Я по-прежнему работаю в Лавре. Что-то не могу я, как раньше, за день-другой закончить работу: и раз выходишь, и два, и десять. Кроме того, я присмотрел там неплохой вид через реку Монастырку, Лавра там предстаёт во всём своем великолепии, с многочисленными корпусами, мостом и стенами. Минус только в том, что там нет тени, и, наверное, придётся брать с собой зонт. И серьёзный минус ещё в том, что самый дальний край Ново-Лазаревского кладбища, это совсем рядом с моей новой точкой, облюбовали бомжи. Часть стены кладбища там разрушена и проделан небольшой лаз, который бомжи забаррикадировали деревянными щитами, которые используют и в качестве кроватей, заваливая себя грудами тряпья, которое сушится там же. Ну а живописный берег реки традиционно использует шпана и пыяки. Пыяки располагаются там тёплыми компаниями, особенно в пятницу и гомонят не умолкая. Меня пыяки не беспокоят, хотя некоторые пробуют, но я так на них смотрю, что у них весь хмель вылетает из их дурной головы. И заговаривать они уже больше не пробуют. Вообще со мной заговаривают только тогда, когда я сам не против переброситься фразой. Но от пьяниц и шпаны всё же предпочитаю держаться подальше. Что за несчастливый такой день – пятница! Работать сложно везде. Все навеселе или… Или вот я работал по пятницам у Мечети.
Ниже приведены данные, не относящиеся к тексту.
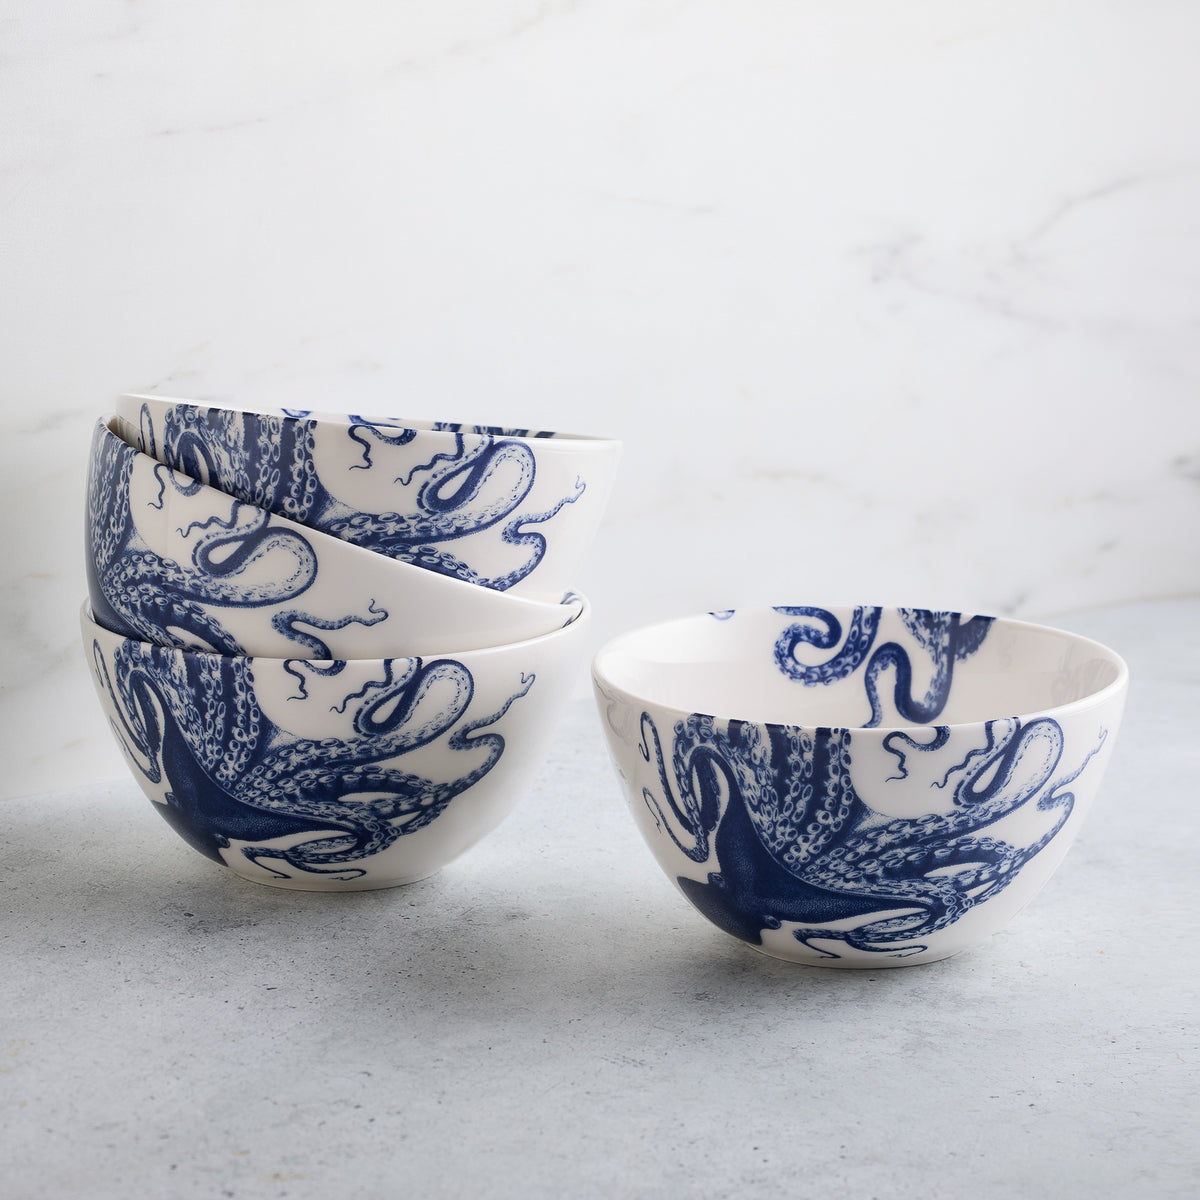 Four Lucy Cereal Bowls by Caskata made from premium porcelain with intricate blue designs. Three are stacked on the left, and one is placed to the right on a grey surface against a marble backdrop. These dishwasher safe bowls are perfect for any meal or decor.

У мусульман – это день, что-то вроде субботы у иудеев. Народец роится около меня. С ними невозможно не разговаривать, я уже сделался небольшим психологом, дабы иметь такую возможность – работать на улице. И вот совсем недавно у меня в этом смысле случилась досадная осечка. Я стоял в Лавре у Троицкого собора, у зарешеченного выхода и всяк меня спрашивал, можно ли там пройти. Разозлили к сто первому разу страшно. Сначала я решил закосить под мусульманина и пропеть известные мне суры Корана, но, подумав, что вряд ли это будет убедительно, решил предстать киевлянином, приехавшим «тiльки з ранку». Моя речь: «Тобi здаеэться, що я дома! Я зайнятий серйозним дiлом! Менi нема коли розважатися теревенями!» – имела должное действо лишь на богомольных старушек, которые с «Господи, прости», начинали искать выход самостоятельно. Но вот на заматерелого дубаря, услышавшего нерусскую речь, впечатления это не произвело. Он разразился такой гнилой матершиной, что некоторых слов я даже не разобрал, хотя, будучи в армии, несколько дней пробыл в матросском кубрике, пока не пересёк, наконец, Кильдинский пролив.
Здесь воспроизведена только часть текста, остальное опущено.